[Exercise data — start]
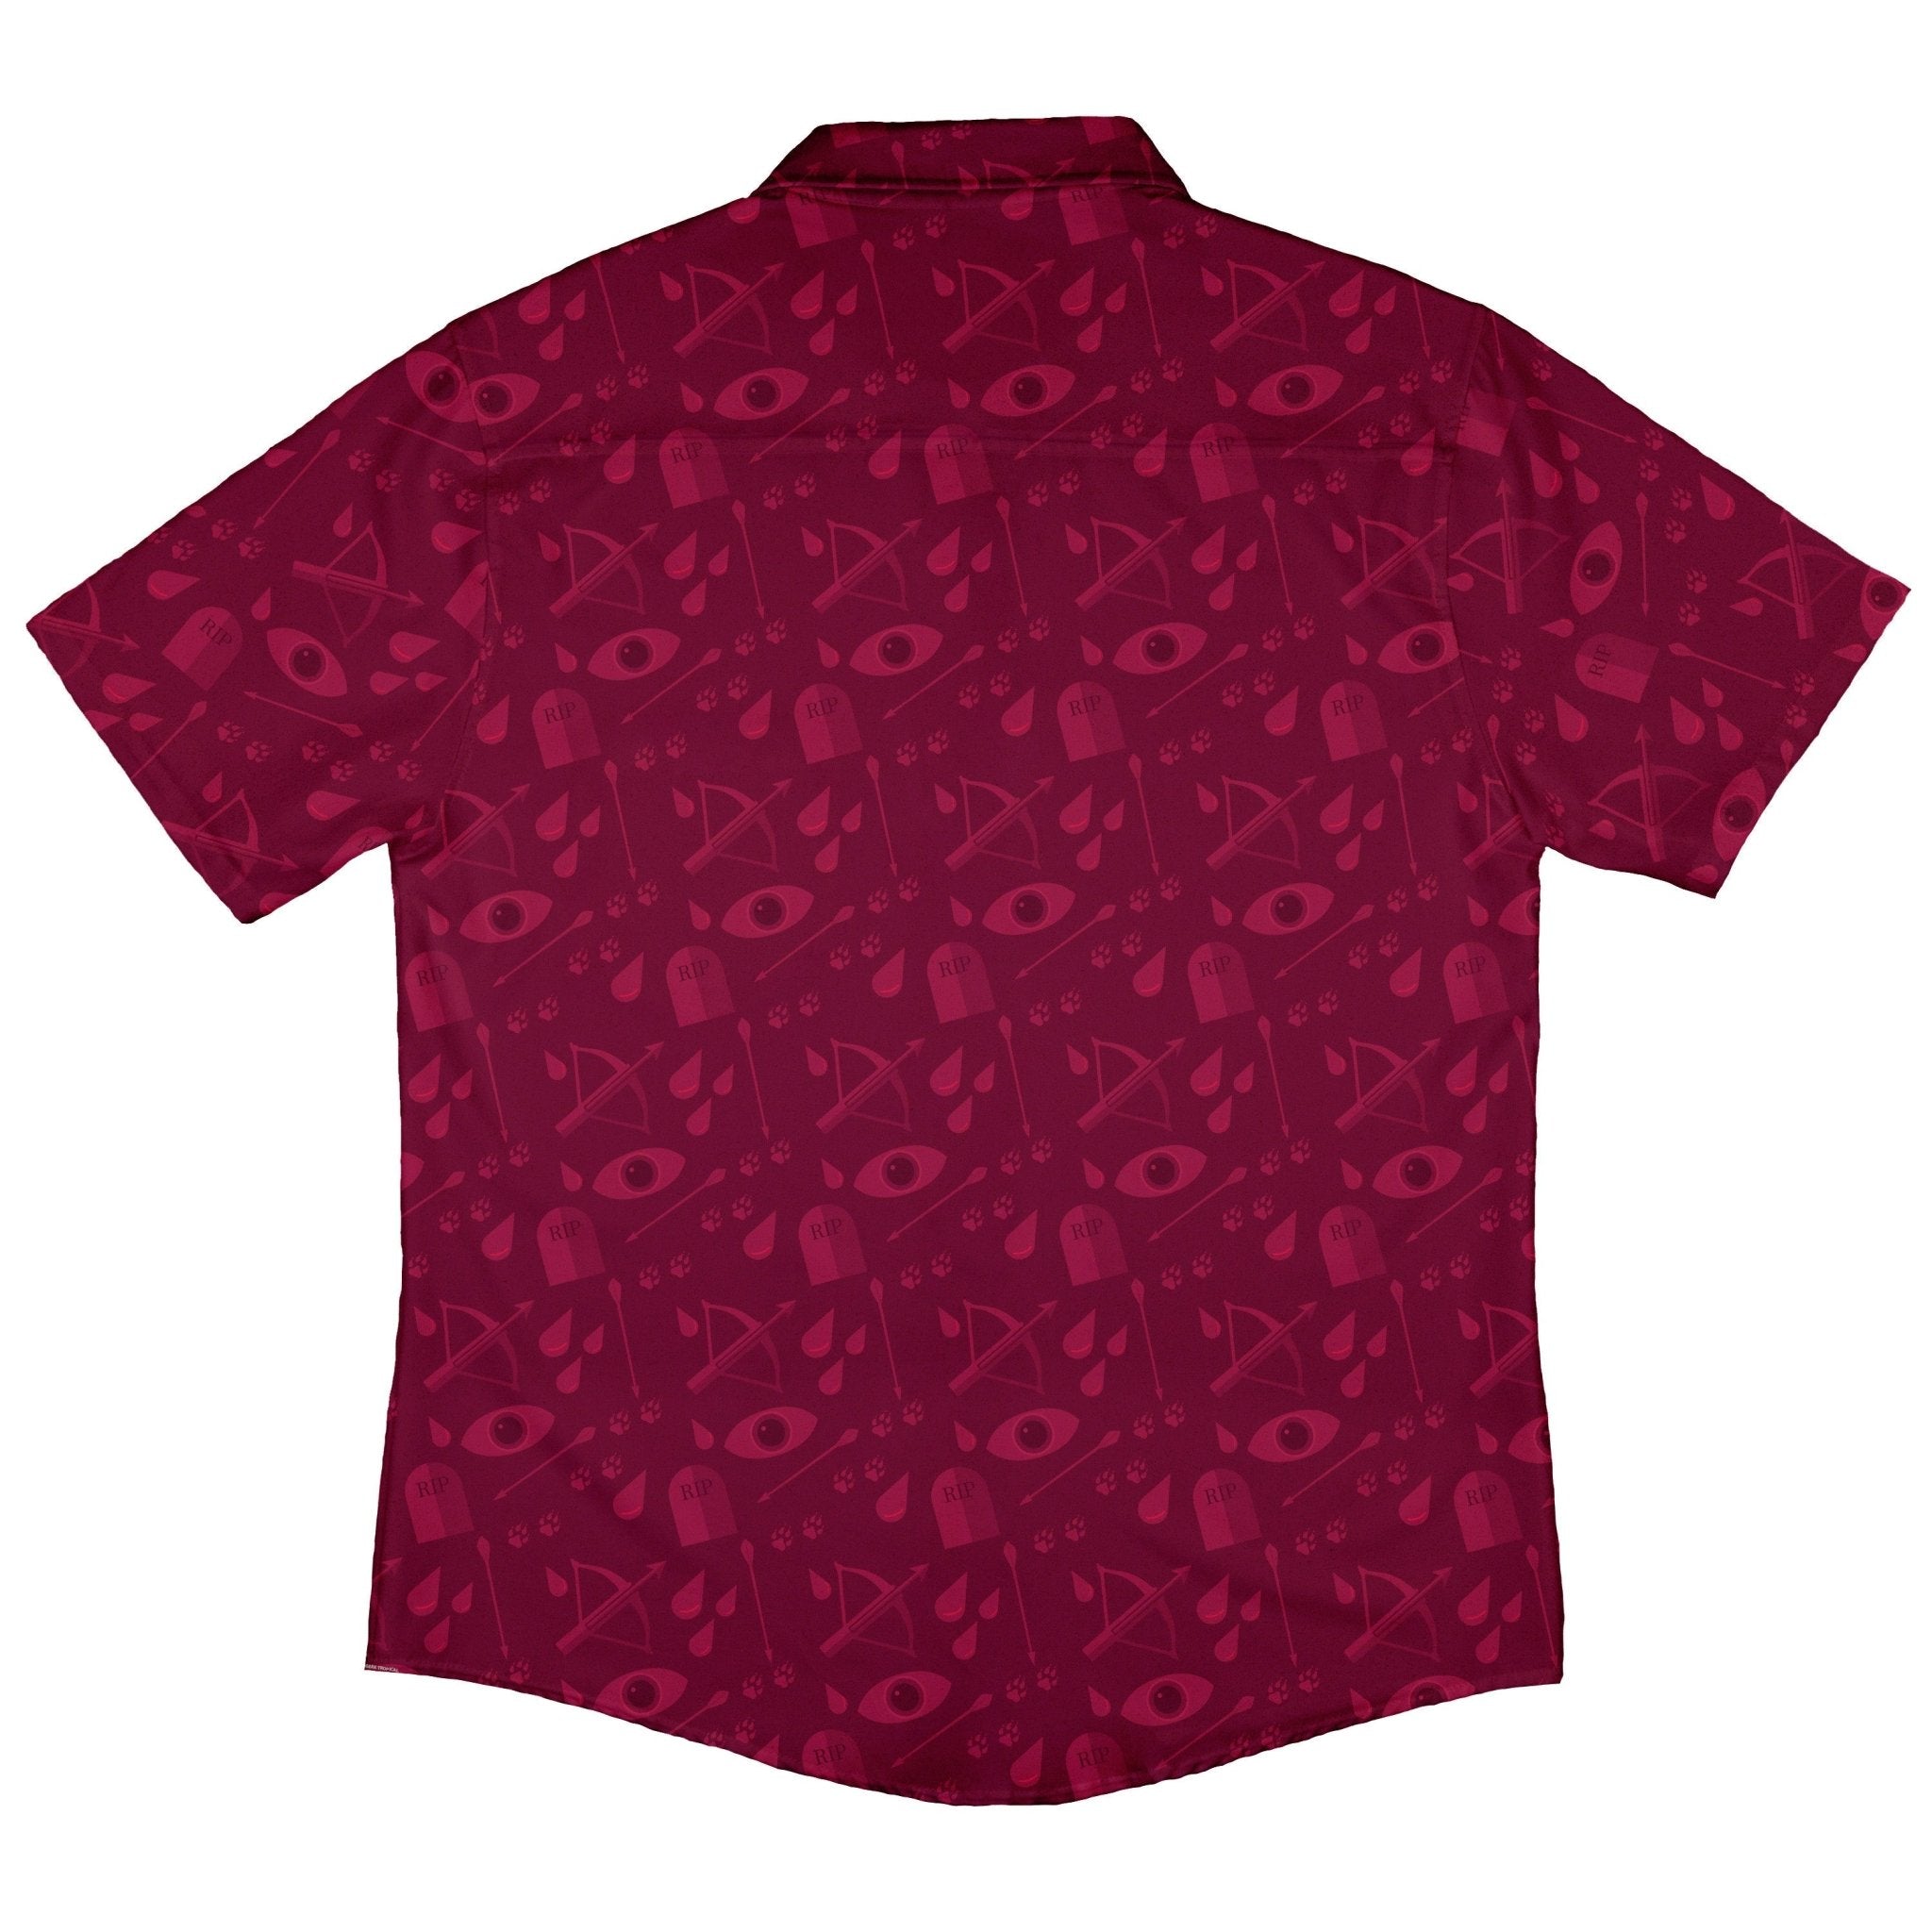 Dnd Blood Hunter Class Button Up Shirt - adult sizing - Design by Heather Davenport - dnd & rpg print
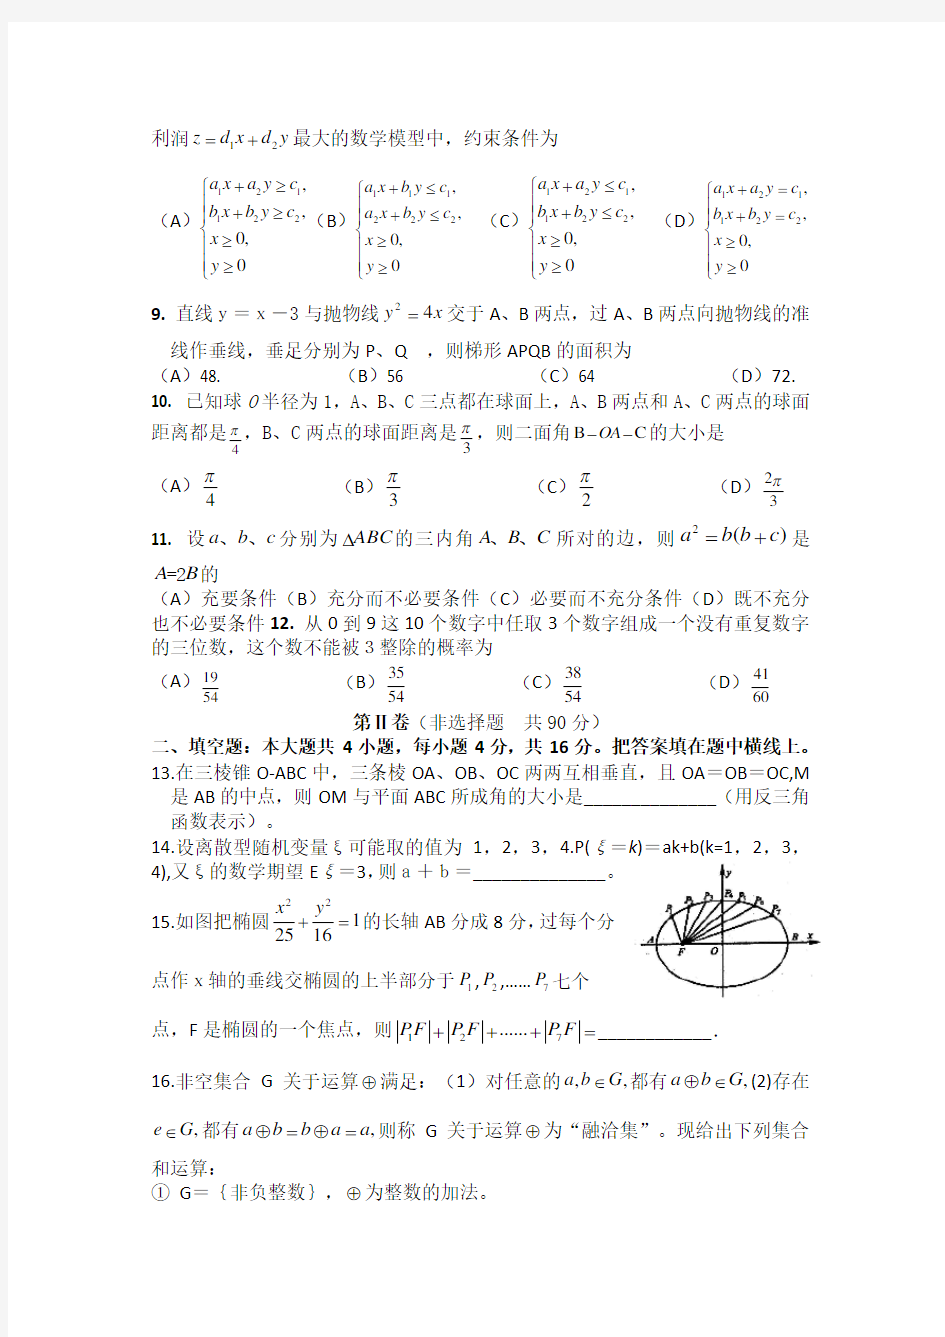 2006年四川高考理科数学试题及答案详解
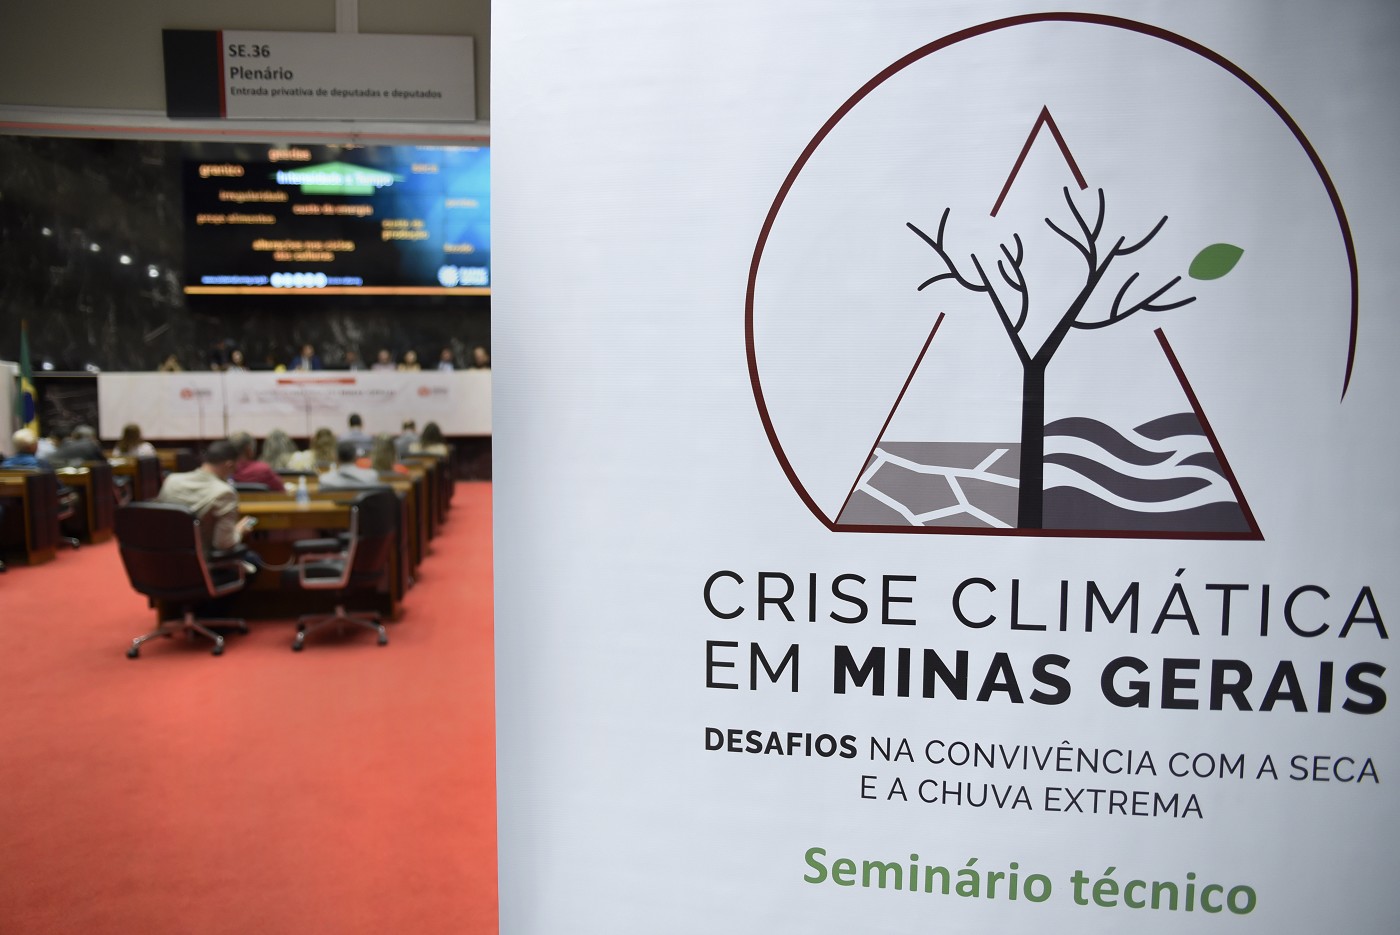 Seminário Técnico Crise Climática em Minas Gerais: Desafios na convivência com a seca e a chuva extrema"
[Exercise data — finish]
Work order: Each line of the data above should be reproduced without alteration, and no picture should appear in the copy.

Written answer:
 Dnd Blood Hunter Class Button Up Shirt - adult sizing - Design by Heather Davenport - dnd & rpg print
 2006年四川高考理科数学试题及答案详解
 Seminário Técnico Crise Climática em Minas Gerais: Desafios na convivência com a seca e a chuva extrema"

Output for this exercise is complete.